The Steels hired Chuck Trudel, who specializes in the restoration of old barns, to jack up the roof 18 inches, until the ribs protested by creaking, and to install two mammoth beams in 2010. In order to have walkways between the barn’s walls and the interior glass wall panels, the Steels needed to remove the barn’s diagonal supports.


With great effort — and great engineering, in 2011, Allen & Charters Enterprises of Sequim installed six mammoth vertical steel beams from the ground floor through to where the roof begins to arch, tied into laminated horizontal wood beams.

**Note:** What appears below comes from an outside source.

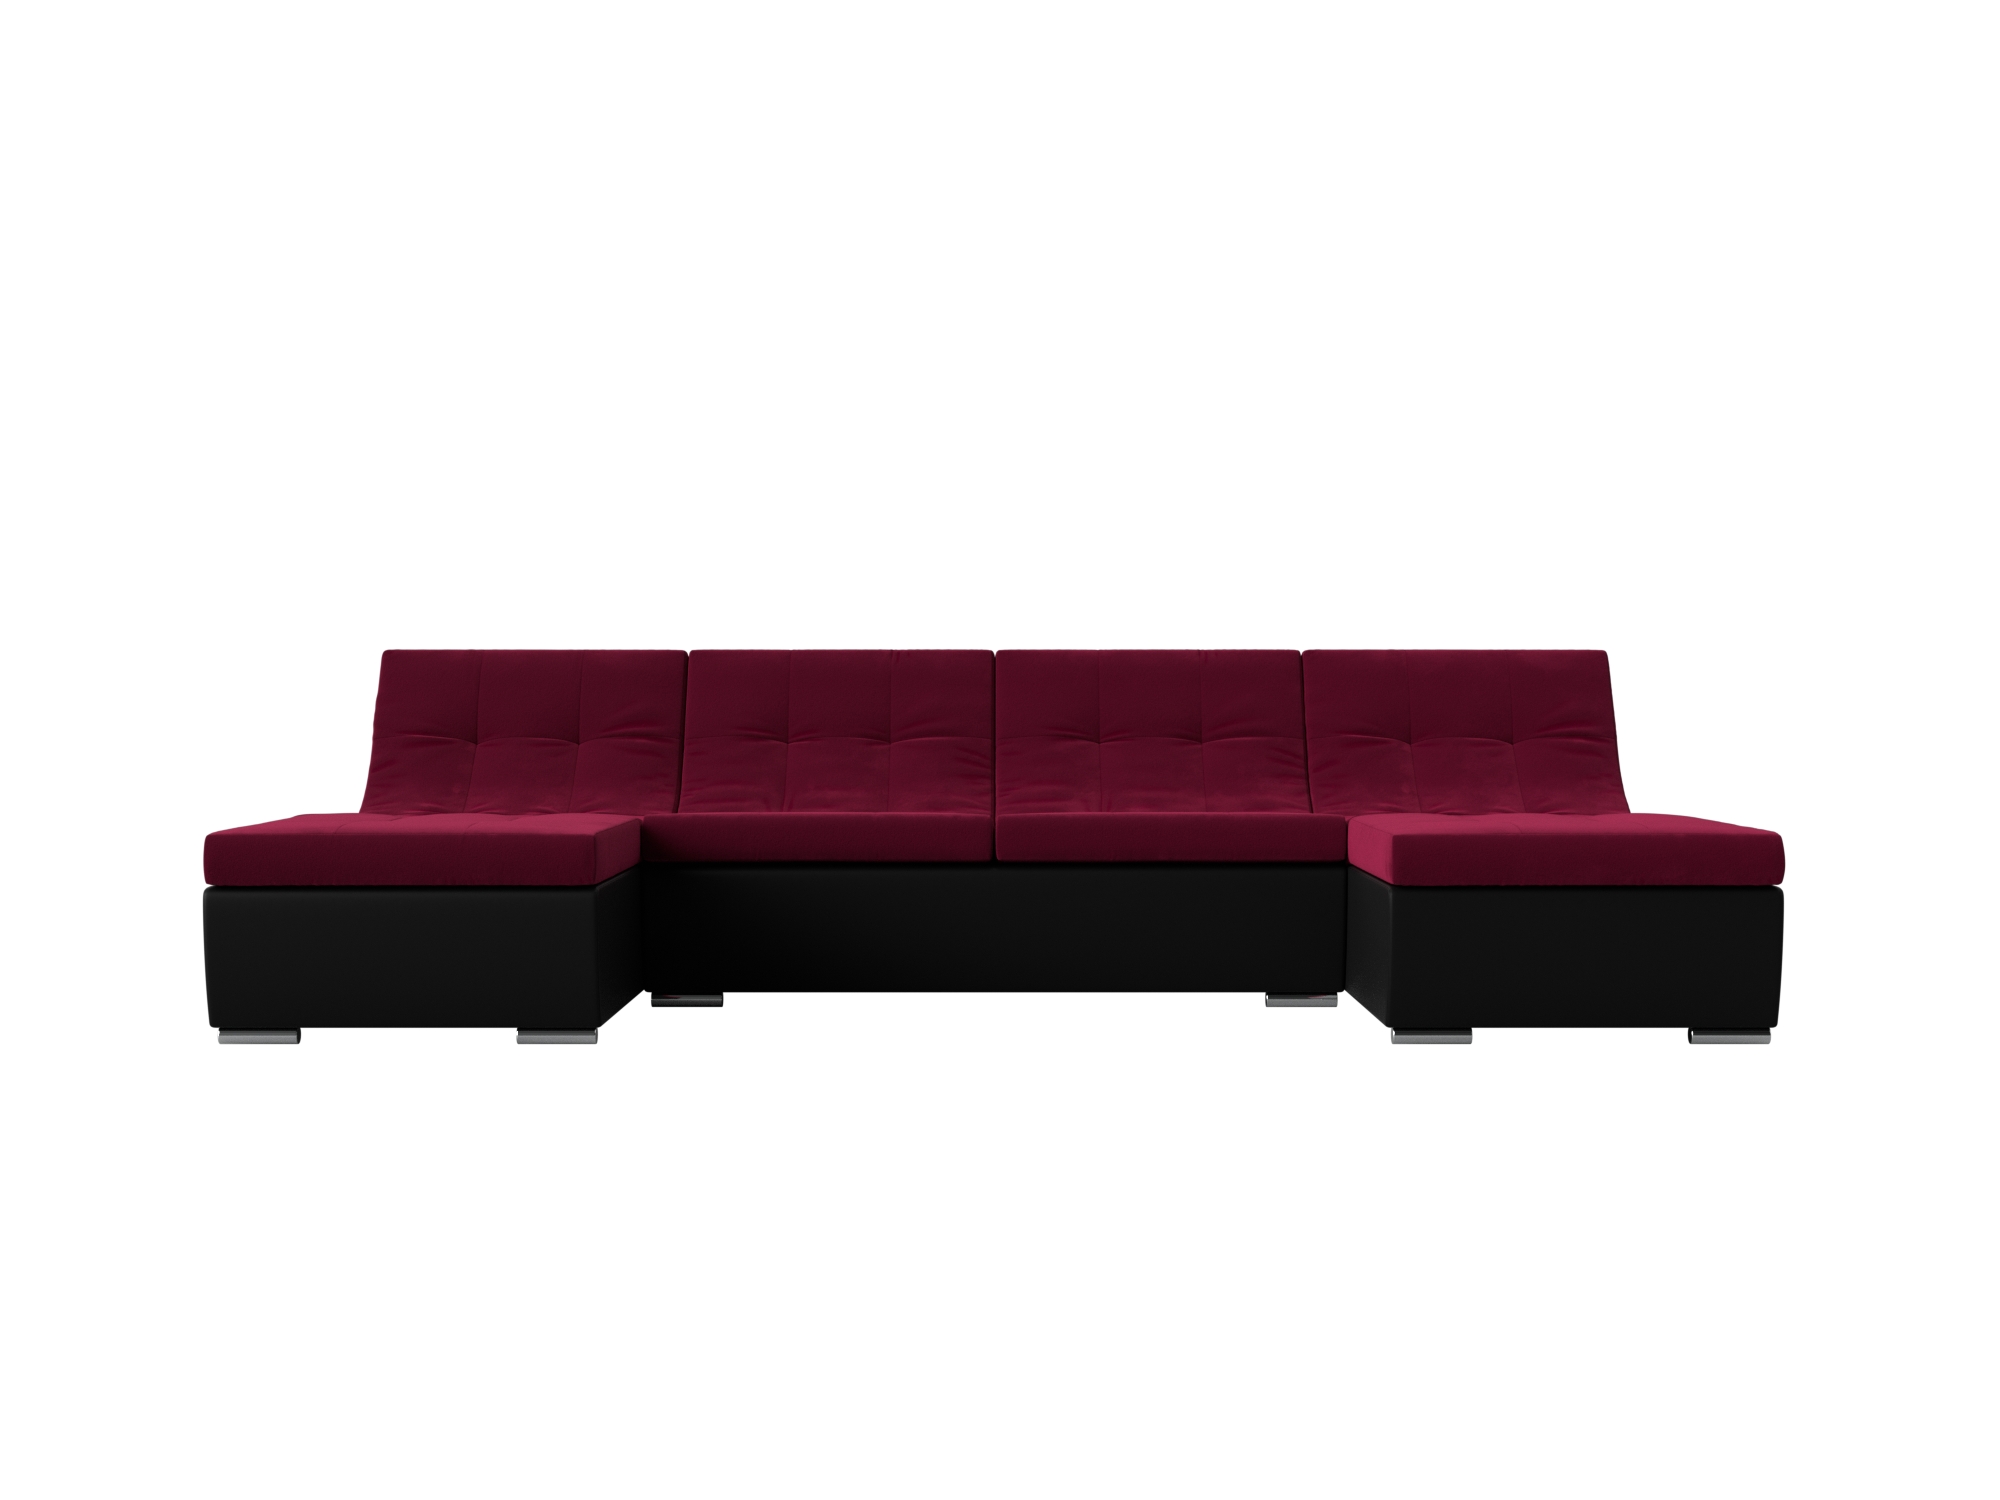 П-образный модульный диван Монреаль MebelVia Красный, Черный, Микровельвет, Экокожа, ЛДСП угловой модульный диван монреаль mebelvia фиолетовый черный микровельвет экокожа лдсп

Barbara laughed, “It will be here a thousand years from now! You could store your blimp in there.”


The Steels took a break in 2012 for the budget and this year undertook the gargantuan task of re-roofing the barn — all 10,000 square feet of it. Cliff Fors of Diamond Roofing, Port Angeles, removed two layers of asphalt shingles, covered over the original wooden shingles with plywood and recovered the barn with new asphalt shingles. The old decrepit cupola was removed and two new ones now adorn the roof, along with a pair of dormers.


The next big task, projected to start in October, is to build the structure for the interior glass wall and ceiling panels and to add five 5-foot-by-7-foot picture windows on the north and south sides. The glass ceiling will be 16 feet in the living area and 12 feet over the bedroom. Although they’d like to save the well-worn and wide plank boards, radiant heating won’t allow that.

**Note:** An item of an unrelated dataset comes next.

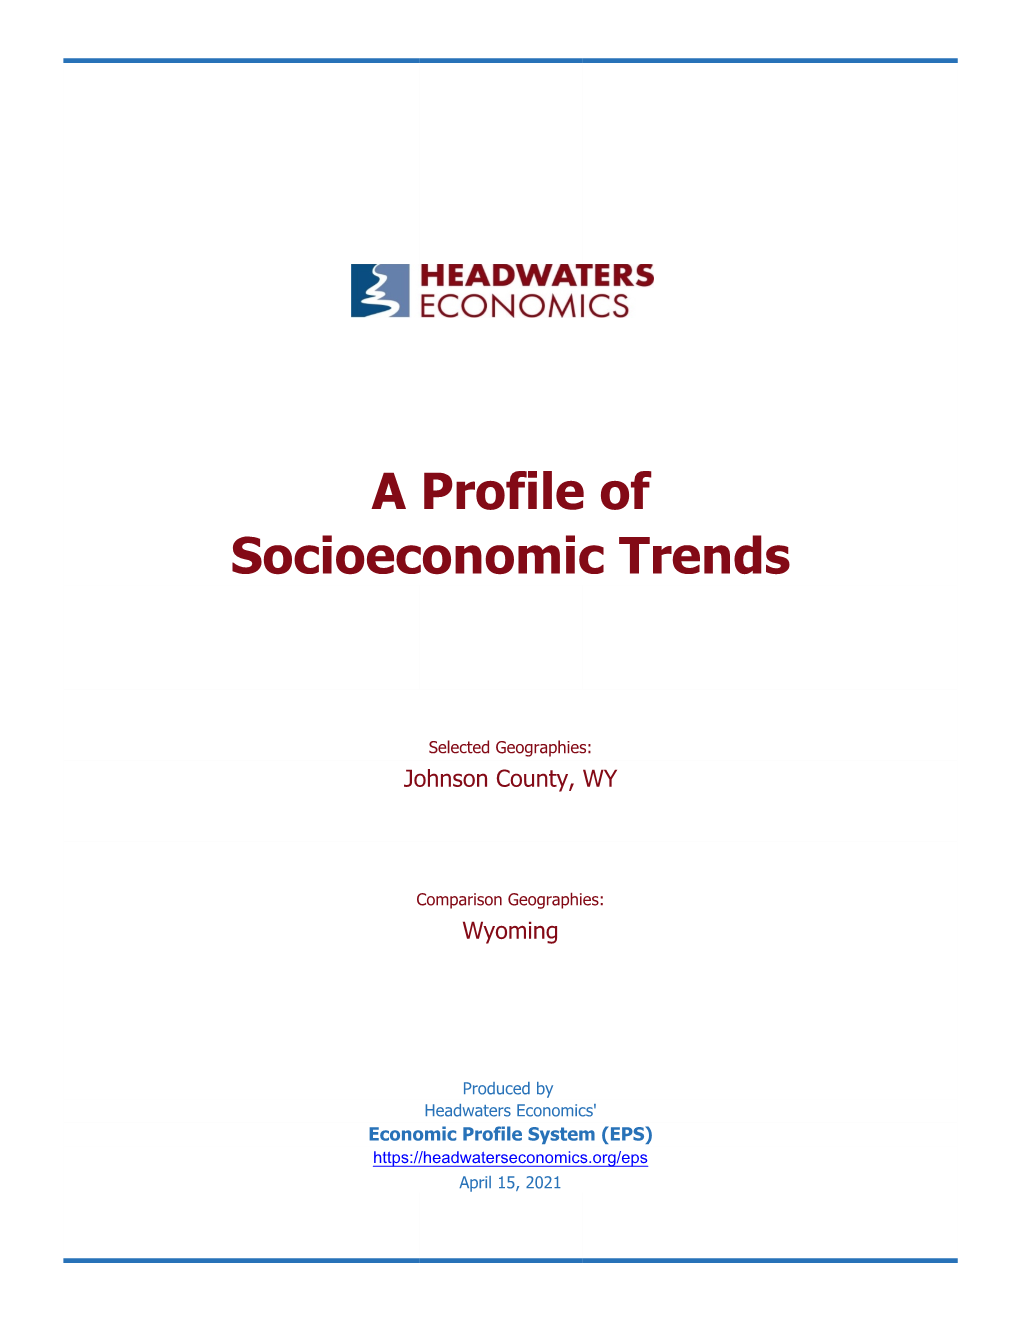 A Profile of Socioeconomic Trends

The Steels say they’re not in a huge rush to move into the barn — they’re more concerned with doing it right and having fun with the project.


And what does Barbara think about all this barn business?


“I wasn’t as enthused — I’d be perfectly happy to live in this little house but it’s his dream and he’s given me everything I’ve ever wanted, so I wanted it for him,” Barbara said, with a large grin. “I love being here and I love going to the barn.”


Charlie doesn’t get philosophical when asked why he fell in love with the barn on first sight.


“It just hit me, the shape of it, and after we walked through it, I really wanted it because it’s just beautiful.”